Bulletin Vert no 440
mai — juin 2002
Editorial du Bulletin 440 Quelle formation en mathématiques, vulgariser ou former ?
Nous ne répéterons jamais assez que les mathématiques sont un outil essentiel et spécifique pour structurer l’esprit, assurer les bases et la réflexion dans de nombreux domaines de connaissances et, plus généralement, accéder à une meilleure compréhension du monde. Elles sont aujourd’hui omniprésentes, de façon visible ou cachée, dans des secteurs de plus en plus nombreux de notre société, laquelle devrait avoir un besoin croissant d’enseignants et de cadres moyens et supérieurs dans un très proche avenir.
La place et le rôle des mathématiques dans l’enseignement secondaire devraient donc en être renforcés. Au lieu de cela, les horaires de leur enseignement sont réduits au collège et au lycée, leur utilité a été sévèrement mise en cause par un ministre de l’Éducation et l’on tente de faire croire que leur apprentissage peut passer par l’interdisciplinarité [1]. Les responsables ministériels font la sourde oreille aux observations, suggestions et revendications de l’APMEP ou les écartent pour des raisons douteuses et parfois surprenantes. Par exemple, le directeur de la DESCO affirme qu’il n’y a pas d’inconvénient à ne pas traiter la totalité du programme, qu’une présence suffisante des mathématiques dans les TPE relève de la responsabilité des professeurs qui nie ainsi l’autonomie offerte aux élèves.

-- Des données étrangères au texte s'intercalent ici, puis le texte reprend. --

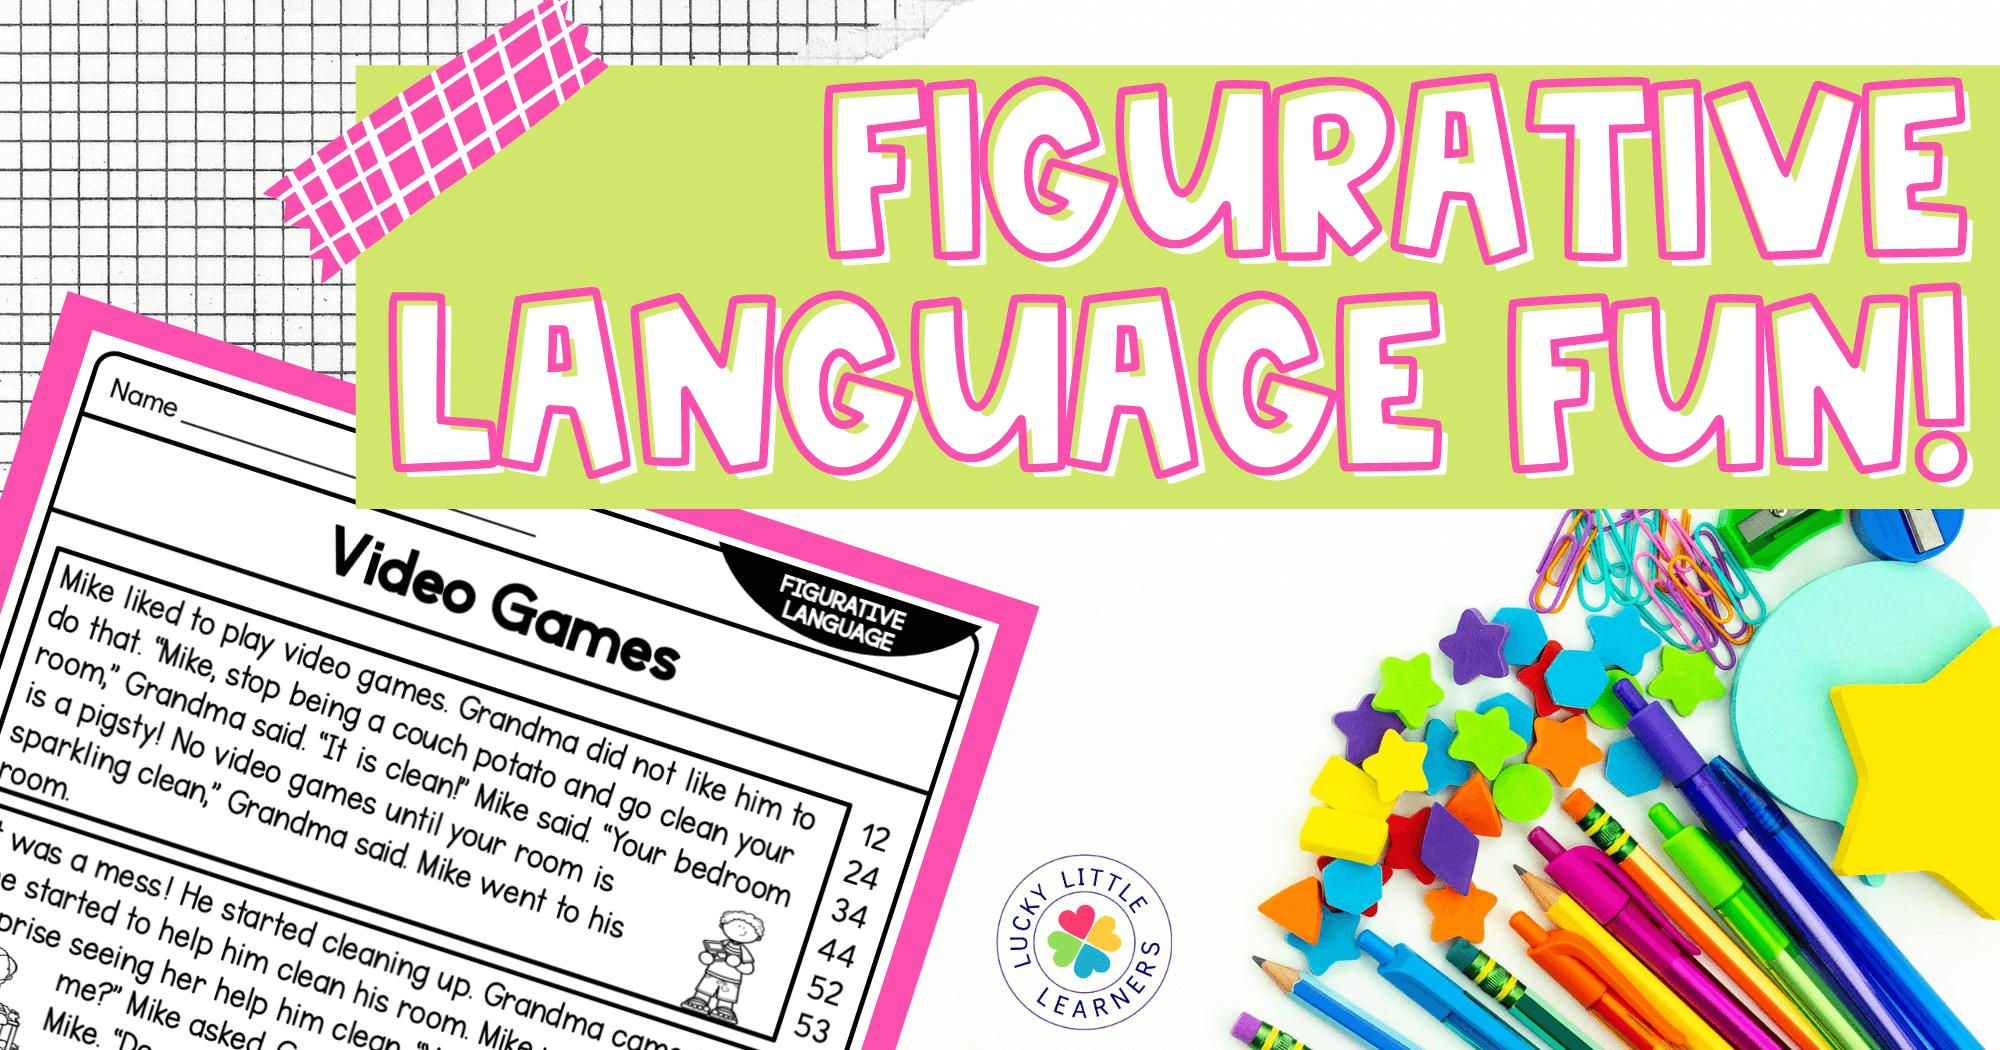 Figurative Language Fun!

Alors que l’on s’inquiète, au plus haut niveau, de la désaffection des jeunes pour les études scientifiques, on rejette la proposition de l’APMEP de créer une option sciences de détermination en seconde susceptible de créer des vocations.
Pourquoi notre souci d’une formation mathématique de qualité pour le plus grand nombre d’élèves, rencontre-t-il si peu d’échos du côté des décideurs ?
La rectrice de Toulouse, chargée par le ministre d’un rapport sur le lycée, son avenir et les moyens de réhabiliter les filières générales du baccalauréat, n’a pas daigné recevoir une délégation de l’APMEP souhaitant pourtant lui faire des propositions.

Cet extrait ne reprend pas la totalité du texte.